My hives built 5-8 almost full combs in the first week or maybe 2 weeks.

Not that this is important, but I would take those bars and move them up front a little more so that the front of your hive is the brood nest chamber, not somewhere close to the middle. This way when you cull combs you cull them backwards. Place the existing combs to bars 2,3,4 or maybe bars 1,2,3 is what I would do but leave them in order and orientation.

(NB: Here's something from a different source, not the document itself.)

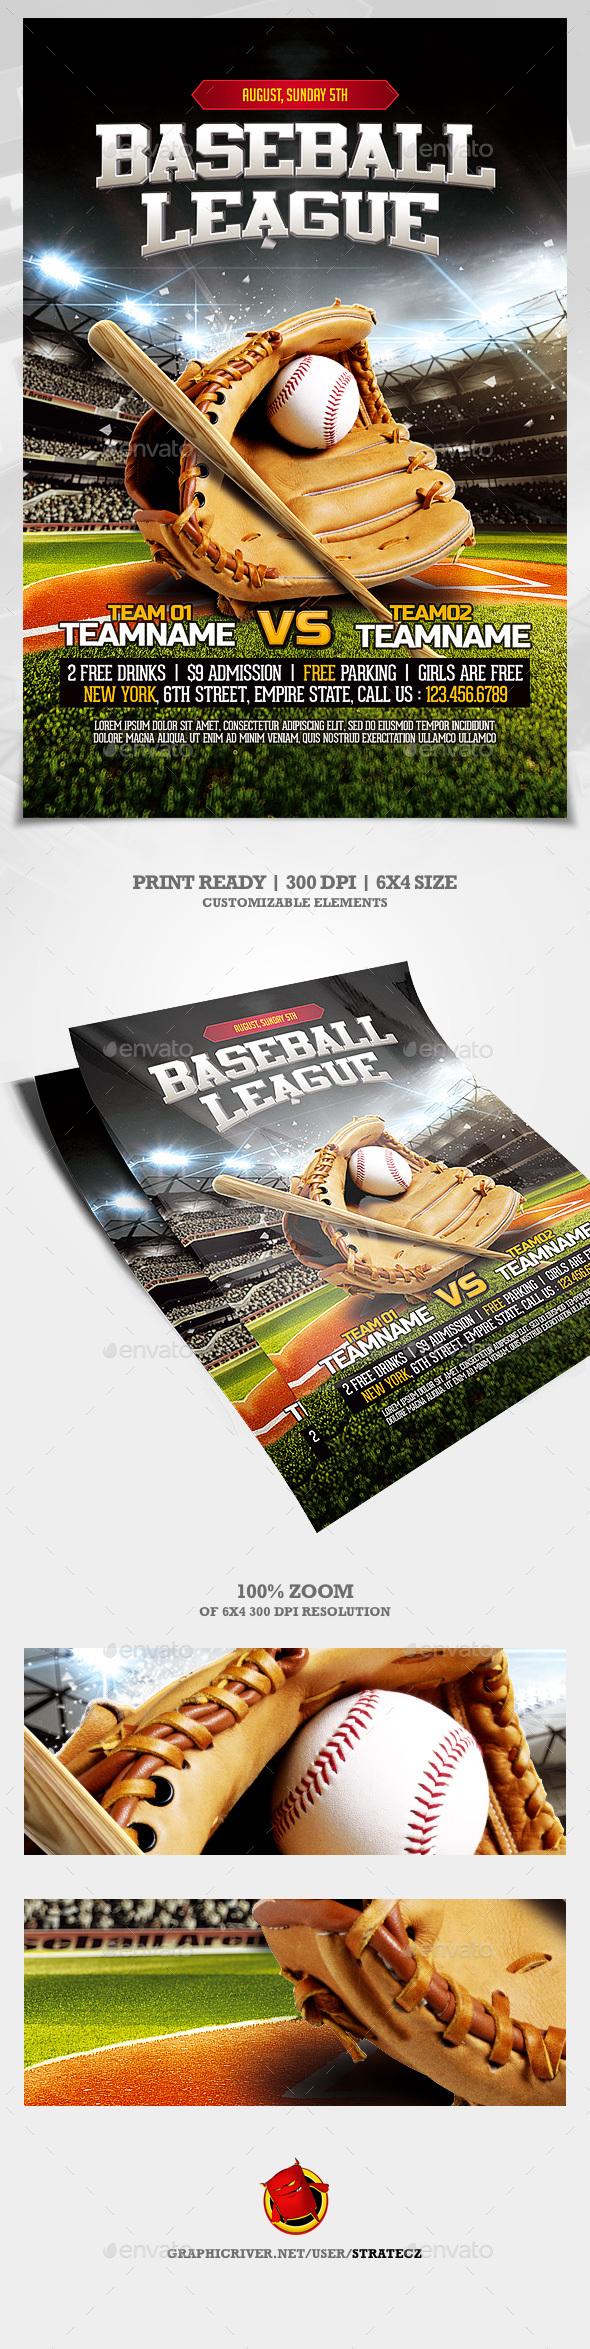 Baseball League Flyer - Print Templates

[This message has been edited by Scot Mc Pherson (edited May 13, 2004).]


----------



## Michael Bush (Aug 2, 2002)

You see less bees for the first three weeks or so because a lot of them die off all the time. Plus, during the day a lot will be foraging. Then when the brood starts emerging the population goes back up. You also often get some drift to other hives, if they are around.


----------



## Rookie (Apr 15, 2004)

I went back ouy to watch the bees again. Some bees are carrying polen. I don't know what the others are doing, but some are carring polen. If you think I should move the bars with comb closer to the front I will. If it is "BETTER MANAGEMENT" it needs to be done. It is very cloudy, almost raining so I will wait until tomorrow. I know I have read not to get too trusting, but it is easy to set two feet away from the hive and watch the action. The bee seem to care less. One more thing, tell me it is o.k. for a fifty-one year old man to set and watch bugs crawl in and out of a wooden box. Some people would think that is nuts.


----------



## dcross (Jan 20, 2003)

<<One more thing, tell me it is o.k. for a fifty-one year old man to set and watch bugs crawl in and out of a wooden box. Some people would think that is nuts.>>

Wait till they see you mowing AROUND dandelions!


----------